It’s that time of year when sunny skies and warmer weather motivate people to get out and enjoy their surroundings, spending time with family and friends and gathering with others at festivals or other events. Under normal conditions, that would be great, but we are not back to “normal.” The COVID pandemic is not yet over.
Forgive us for starting to sound like a broken record (for those of you who have grown up in the digital age, that’s an old reference to repeating the same thing over and over). But the truth of the matter is, we cannot yet let our guard down. In fact, the World Health Organization reported that more than 5.2 million new COVID cases were recorded globally last week — the most in a single week since the pandemic began. Deaths have also increased for the fifth straight week, according to WHO, with the pandemic now officially claiming more than 3 million lives worldwide.
Recently, Oregon has been reporting more daily COVID cases than it has in months. During a press conference held Friday morning, April 16, Gov. Kate Brown said, “It’s clear that this virus is persistent and stubborn. While we've flattened the curve again and again, COVID will not surrender.” A month ago, the state reported 1,920 new cases for the week of March 15-21. The first full week of April saw 3,722 new cases, a 94 percent increase.
And with many of the older generation now having received the vaccine, new COVID cases are shifting more and more to younger people.
In her remarks during last Friday’s press conference, the governor urged everyone to get a COVID shot as soon as they can. “Vaccines are the best way to protect yourself from serious illness and death. They are the best way to protect yourself from variants, and they are the key to unlocking the restrictions this pandemic has forced on us,” Brown said.
As of this week, everyone in Oregon ages 16 and over is eligible to receive the vaccine. The Moderna vaccine is for those ages 18 and older, and 16 and 17 years olds can receive the Pfizer vaccine. Lincoln County Public Health also reported this week that walk-ins are being allowed at some of the vaccine clinics, although people without an appointment aren’t guaranteed they will receive a shot.
Getting vaccinated really is our best chance of returning to some sense of normal life. But even after receiving the vaccine, people shouldn’t expect to dump the face masks or stop social distancing anytime soon, at least not in Oregon. In fact, Oregon’s Department of Occupational Safety and Health is considering extending rules requiring masks and social distancing in all businesses in the state. The current rules are set to lapse on May 4, and Michael Wood, administrator of Oregon OSHA, says keeping the rules in place is necessary because “we are not out of the woods yet.”

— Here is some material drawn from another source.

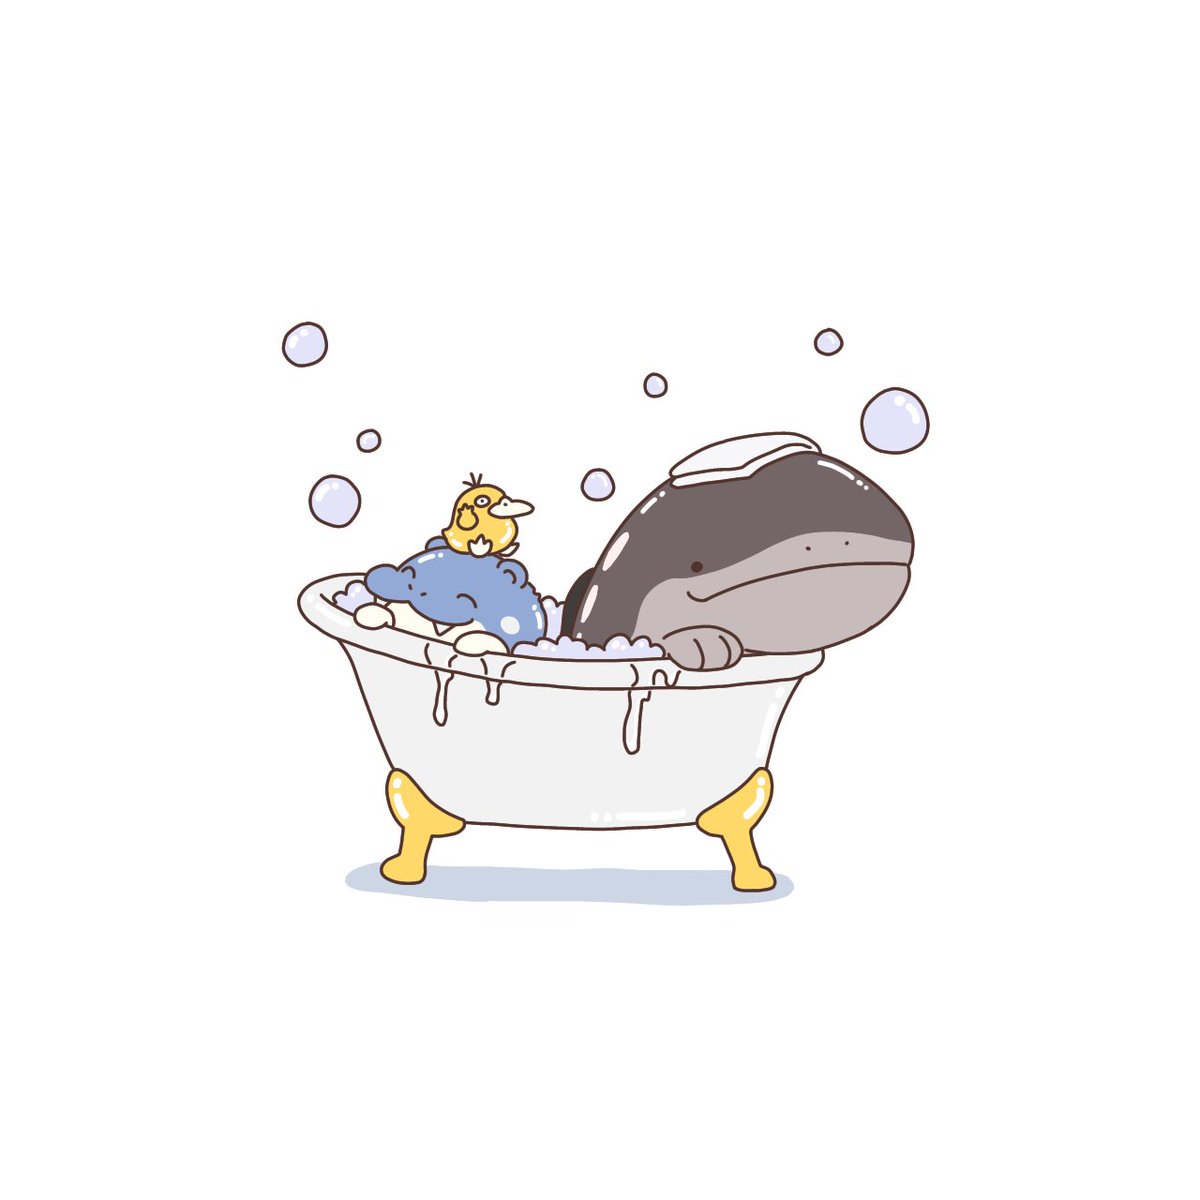 「いい風呂の日!」|シパソのイラスト

Predictably, the idea of continuing these requirements has been met with angry responses and cries of government overreach, and we get that. Yes, we’re all tired of the masks, and clearly patience is wearing thin. But we also believe our best chance to finally reach an end point is to keep up the fight against the virus. One step forward and two steps back isn’t going to cut it. We need to hang in there for a bit longer.